Evaluation criteria:

1. Strains TA1535, TA1537, and TA1538
If the solvent control value is within the normal range, a chemical which produces a positive dose response over three concentrations with the lowest increase equal to twice the solvent control value is considered to be mutagenic.

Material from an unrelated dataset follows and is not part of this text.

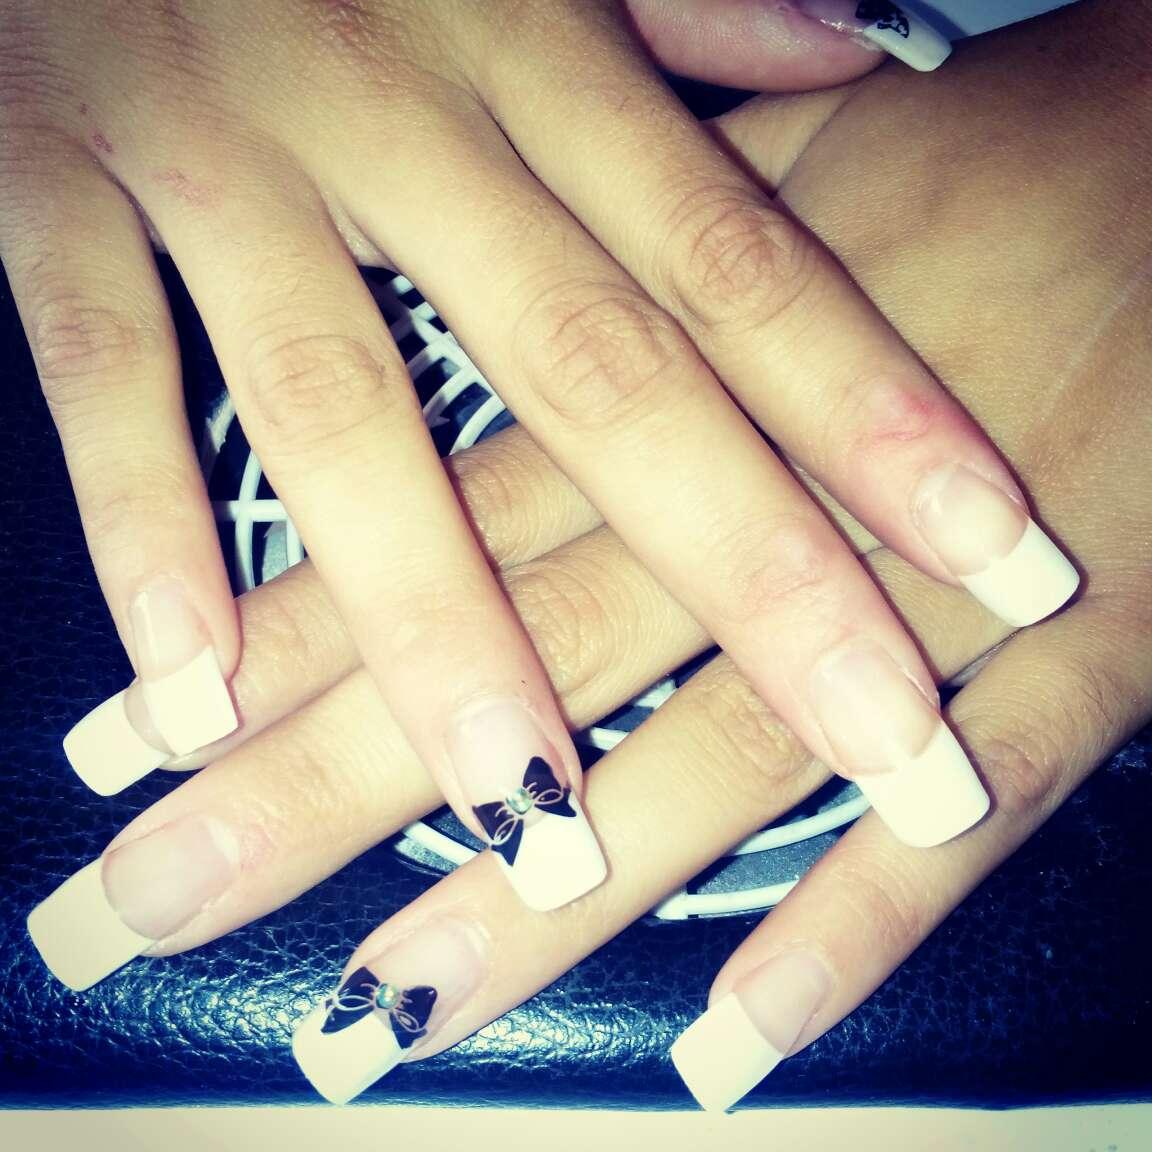 Imagen uñas acrílicas francesa con tips y 2 dibujos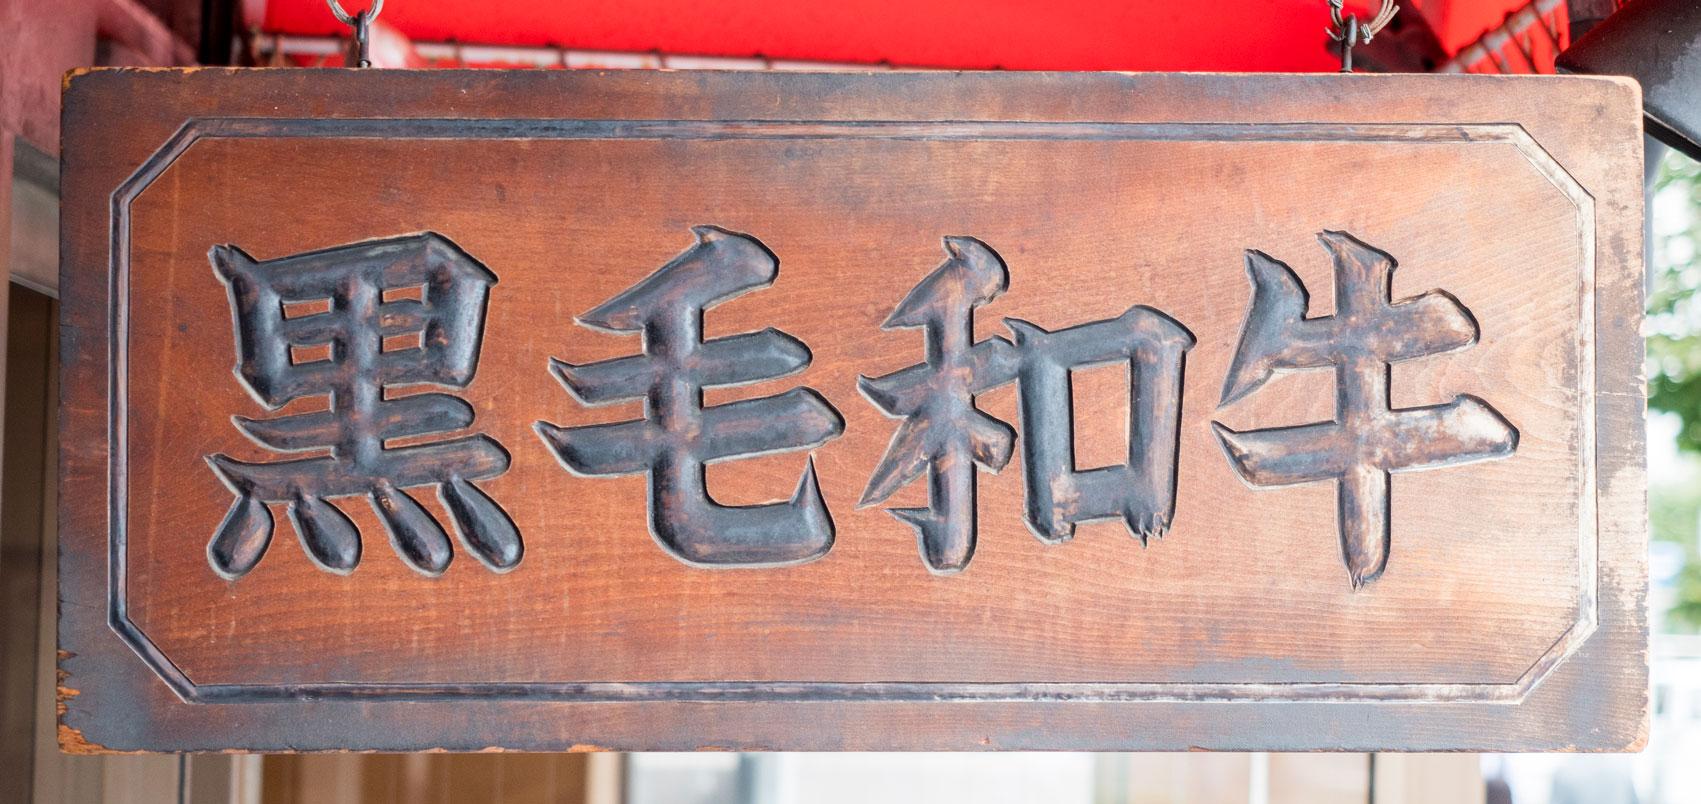 2017-09-23-jp-tokyo-asakusa-signboard-04.jpg

2. Strains TA-98 and TA-100
If the solvent control value is within the normal range, a chemical which produces a positive dose response over three concentrations with the highest increase equal to twice the solvent control value for TA100 and two to three times the solvent control value for strains TA98 is considered to be mutagenic. For these strains, the dose response increase should start at approximately the solvent control value.

3. Pattern
Because TA1535 and TA100 were both derived from the same parental strain (G-46) and because TA1538 and TA98 were both derived from the same parental strain (D3052), there is a built-in redundancy in the microbial assay. In general the two strains of a set respond to the same mutagen and such a pattern is sought. It is also anticipated that if a given strain, e.g. TA1537, responds to a mutagen in nonactivation tests it will generally do so in activation tests. (The converse of this relationship is not expected.) While similar response patterns are not required for all mutagens, they can be used to enhance tha reliability of an evaluation decision.

4. Reproducibility
If a chemical produces a response in a single test which cannot be reproduced in one or more additional runs, the initial positive test data loses significance. The preceding criteria are not absolute and other extenuating factors may enter into a final evaluation decision. However, these criteria are applied to the majority of situations and are presented to aid those individuals not familiär with this procedure. As the data base is increased, the criteria for evaluation can be more firmly established.

Statistics:

none

Results and discussion

Test resultsopen allclose all

Any other information on results incl. tables

Table: Summary of test results - plate incorporation tests

Test	Species	Tissue	Revertants per plate
			TA-1535		TA-1537		TA-1538		TA-98		TA-100
			Plate 1	Plate 2	Plate 1	Plate 2	Plate 1	Plate 2	Plate 1	Plate 2	Plate 1	Plate 2
1. Non-activation
Solvent control	--	--	31	23	31	19	19	18	22	21	201	248
Positive control	--	--	>1000	>1000	895	461	>1000	>1000	>1000	>1000	>1000	>1000
Test 0.30000%	--	--	34	22	26	26	9	26	40	22	291	196
0.15000 %	--	--	23	21	40	30	16	12	30	33	266	212
0.07500 %	--	--	28	36	16	16	19	21	36	29	247	245
2. Activation
Solvent control	Mouse	Liver	25	40	20	12	22	23	24	19	111	123
	Rat	Liver	20	20	14	11	32	28	40	59	89	77
	Monkey	Liver	16	41	12	6	22	36	51	60	57	71
Positive control	Mouse	Liver	202	154	303	516	>1000	>1000	167	129	123	100
	Rat	Liver	94	91	>1000	127	462	500	239	173	154	181
	Monkey	Liver	513	375	80	119	>1000	>1000	142	183	167	285
Test 0.30000%	Mouse	Liver	21	26	25	15	21	20	34	30	150	160
0.15000 %	Mouse	Liver	27	35	26	17	19	21	33	36	141	151
0.07500 %	Mouse	Liver	39	54	15	20	20	17	31	42	152	156
Test 0.30000%	Rat	Liver	15	19	12	14	17	10	65	65	94	101
0.15000 %	Rat	Liver	18	18	6	19	13	18	64	65	84	86
0.07500 %	Rat	Liver	16	23	13	8	30	11	58	52	66	78
Test 0.30000%	Monkey	Liver	37	30	9	13	24	18	55	34	57	57
0.15000 %	Monkey	Liver	31	40	13	10	21	18	62	33	58	78
0.07500 %	Monkey	Liver	25	36	14	8	21	13	61	43	57	67

Applicant's summary and conclusion

Conclusions:

The test item did not induce gene mutations by frameshift or base-pair substitution in the genome of the tester strains used. Therefore, the substance is considered non-mutagenic in this bacterial reverse mutation assay.

Executive summary:

The genetic toxicity of ascorbic acid was tested in-vitro using bacteria (S. typhimurium, strains TA 98; TA100, TA1535, TA1537 and TA1538) with metabolic activation (S-9 from mouse, rat and monkey) using the plate incorporation method. The test substance (maximum dose 0.3 % (w/v)/plate) was incubated at 37°C for 48 to 72 hours. The number of his-independent colonies were counted thereafter. Ascorbic acid was negative in this bacterial reverse mutation test (Litton Bionics, 1976).